When a Limit Doesn't Exist

A limit is a promise: as x approaches c, the outputs settle on one number L. Sometimes that promise can't be kept, and we say the limit does not exist (often written DNE). There are three classic ways it fails.

  1. A jump — the two sides head to different heights.
  2. Blowing up — the outputs run off to \pm\infty.
  3. Wild oscillation — the outputs never settle at all.

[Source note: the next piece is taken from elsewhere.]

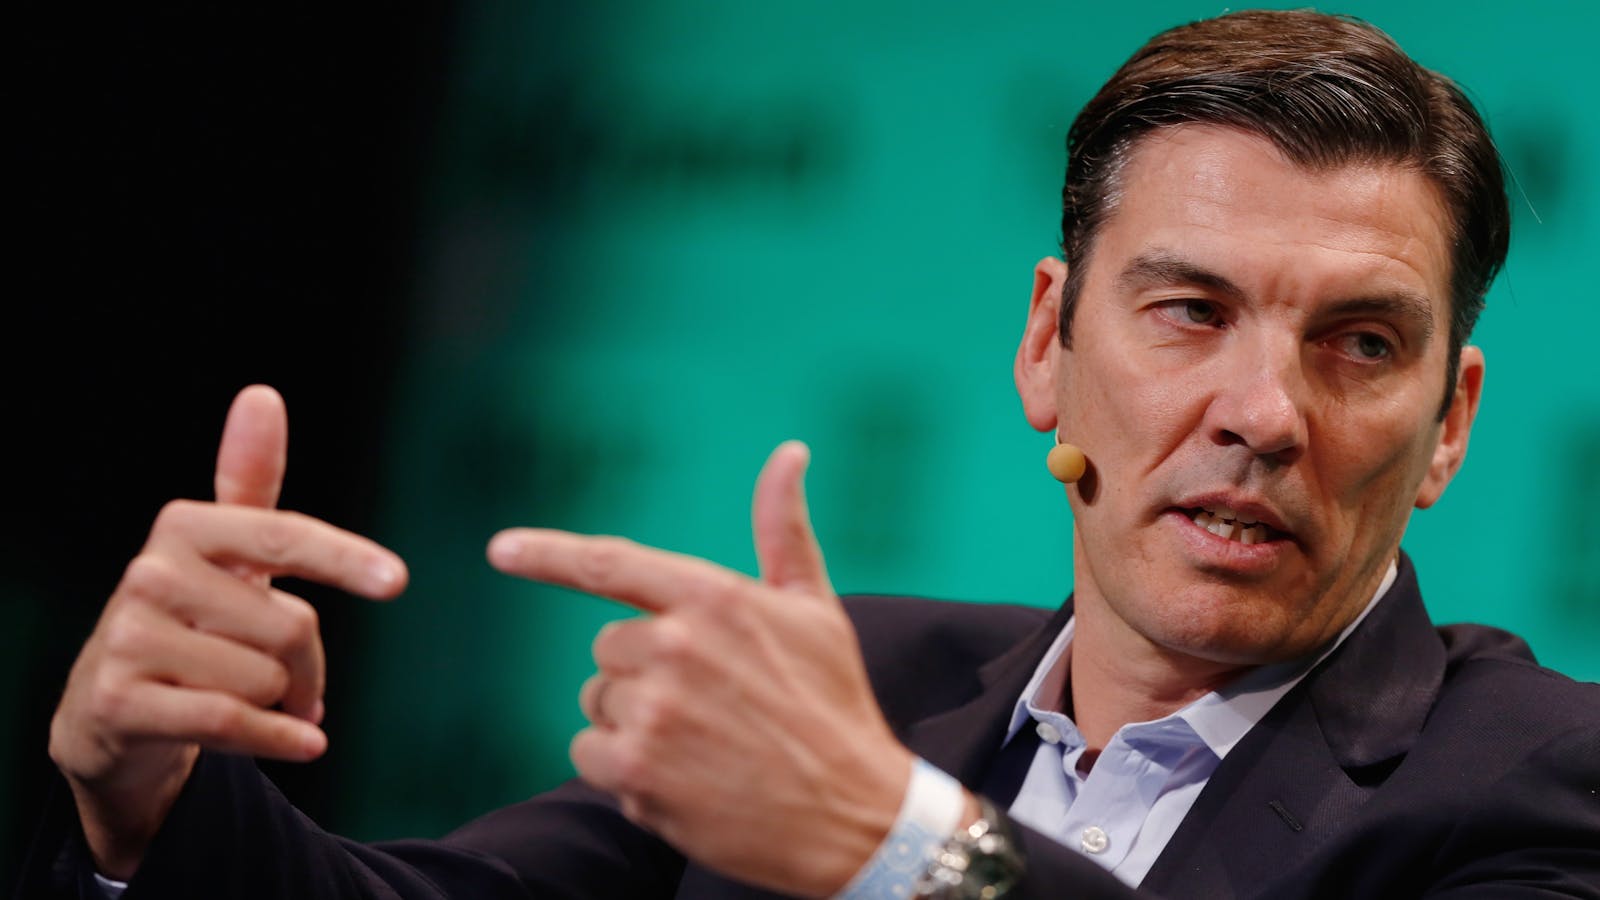 AOL CEO Tim Armstrong. Photo by Bloomberg.

Each builds on one-sided limits: a two-sided limit exists only when both sides agree on a single, finite value.

1. The jump

We met this in one-sided limits. The function steps from one height to another at x = c: \lim_{x \to c^-} f(x) \ne \lim_{x \to c^+} f(x). Both one-sided limits exist, but they disagree — so the two-sided limit DNE.

2. Blowing up to infinity

Near a vertical asymptote the outputs grow without bound. Take f(x) = \frac{1}{x^2}. As x \to 0 from either side, the values shoot up toward +\infty. There is no finite L to land on, so the limit DNE. (We do sometimes write \lim_{x \to 0} \tfrac{1}{x^2} = +\infty to describe how it fails — but "\infty" is not a number, so the limit still doesn't exist in the ordinary sense.)

3. Endless oscillation

The strangest case: f(x) = \sin\!\left(\frac{1}{x}\right). As x \to 0 the input \tfrac{1}{x} races off to infinity, so the sine wiggles between -1 and 1 faster and faster — infinitely many times in any tiny interval near 0. The outputs never home in on a single value, so the limit DNE.